Alla base del progetto c’è il criterio della simmetria, un principio in grado di far risparmiare molto denaro ai costruttori e ripreso nel 2019 da Citroen con il quadriciclo Ami: numerose parti della carrozzeria sono simmetriche e questo permette con un unico stampaggio di realizzare il doppio della componentistica. I due paraurti sono identici così come le portiere, incernierate una all’anteriore e l’altra al posteriore. La Nyce, lunga 3,64 metri, larga 1,72 e alta 1,62, è dotata di un soft top per l’estate e di un hard top per l’inverno leggeri e molto facili da montare o smontare.

Fiat Ecobasic

Nel 2000 Fiat presenta la Ecobasic, prototipo dalle forme rivoluzionarie e proporzioni compatte, grandi superfici vetrate e un efficientissimo propulsore a gasolio 1.2 di cilindrata da 61 cavalli di potenza che, secondo quanto dichiarato dal costruttore torinese, aveva un consumo medio di soli 2,8 litri per 100 chilometri.

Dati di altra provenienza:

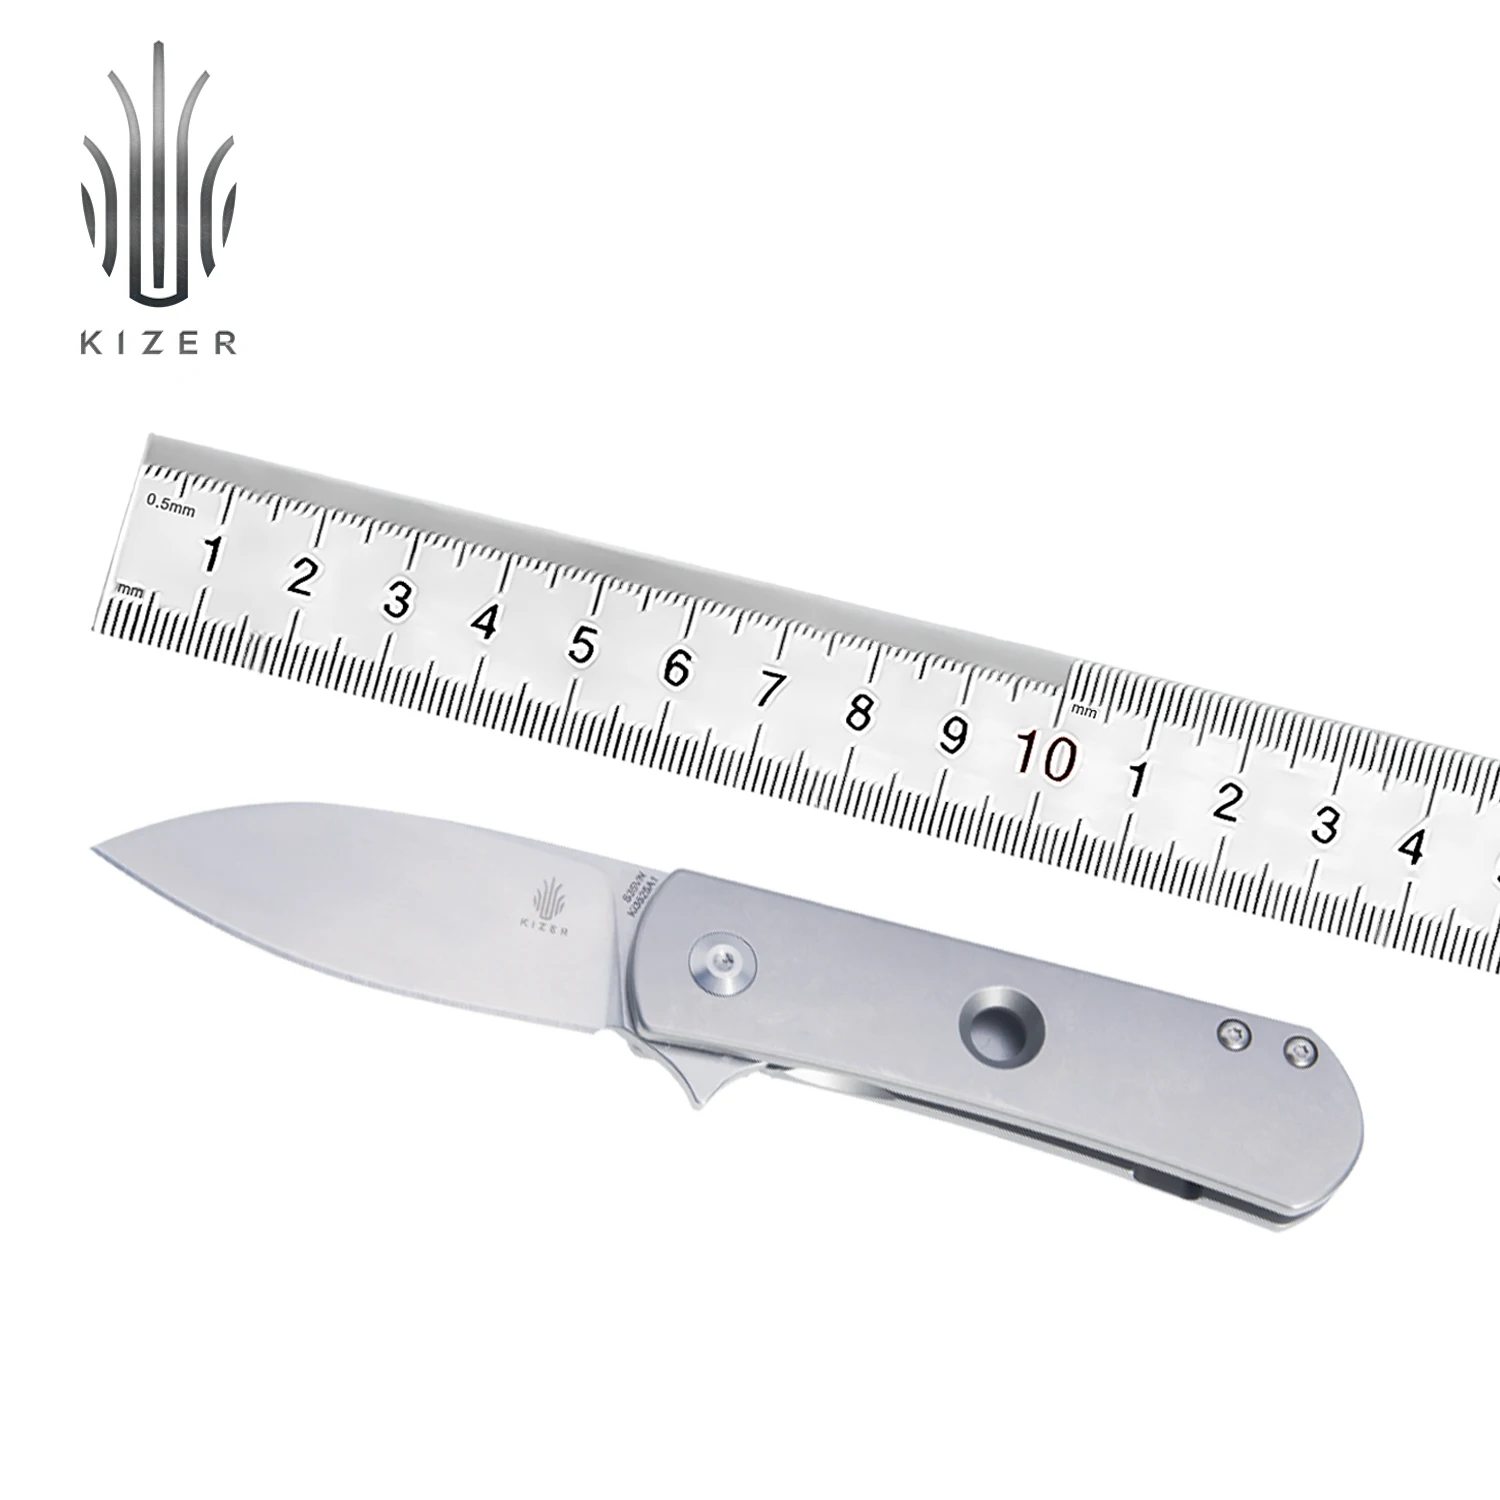 Мини-нож Kizer Yorkie KI3525A1 нож для повседневного использования высококачественный

La Ecobasic è, come dice il nome stesso, una vettura basica realizzata con principi costruttivi ecologici. I consumi record sono infatti stati ottenuti grazie alla struttura in alluminio che le permette di pesare solo 750 chilogrammi, mentre i materiali sono tutti riciclabili. Il design realizzato da Roberto Giolito ha portato a un’abitabilità degna di nota se si pensa che lo spazio per i passeggeri equivale all'88% del totale. Grande attenzione è stata inoltre posta all’aerodinamica: il coefficiente di resistenza all’aria misurato in galleria del vento è un ottimo 0,28.